**PROVIDED DATA**
-- Opening Marker --

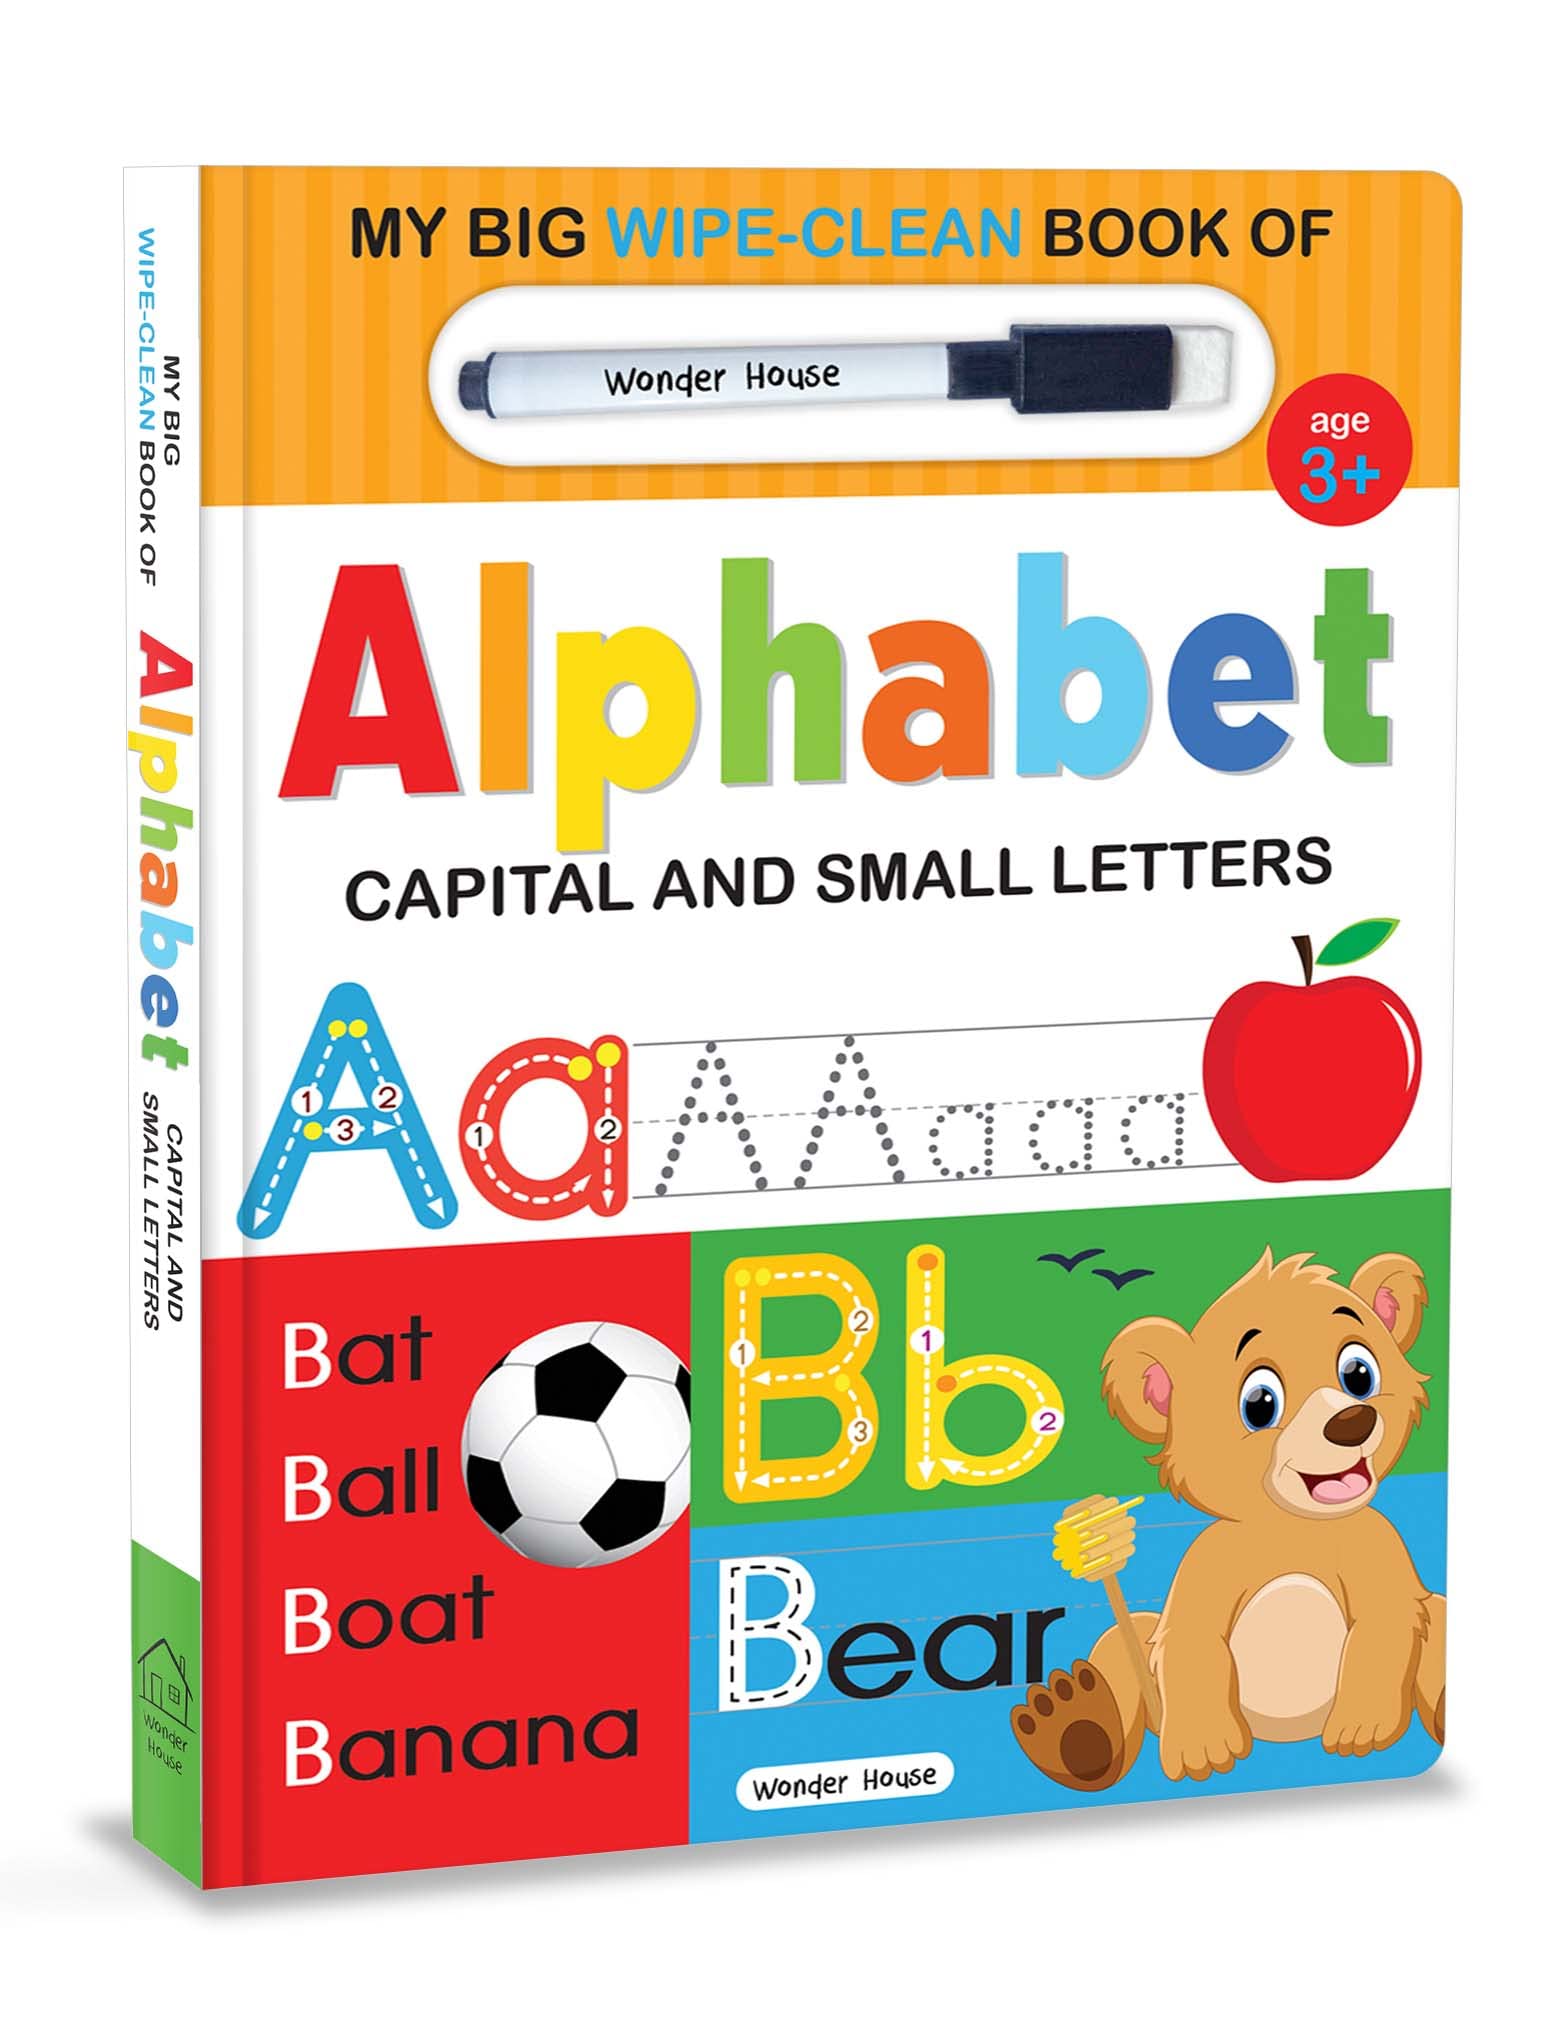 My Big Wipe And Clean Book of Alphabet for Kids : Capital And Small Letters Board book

-- Closing Marker --
-- Opening Marker --

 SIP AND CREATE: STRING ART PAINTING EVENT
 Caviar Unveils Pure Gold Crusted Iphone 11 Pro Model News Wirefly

-- Closing Marker --

**AIM OF THE EXERCISE**
From the records above, give again exactly the lines running from the line with "SIP AND CREATE: STRING ART PAINTING EVENT" to the line with "Caviar Unveils Pure", inclusive.

**RESPONSE BOX**
 SIP AND CREATE: STRING ART PAINTING EVENT
 Caviar Unveils Pure Gold Crusted Iphone 11 Pro Model News Wirefly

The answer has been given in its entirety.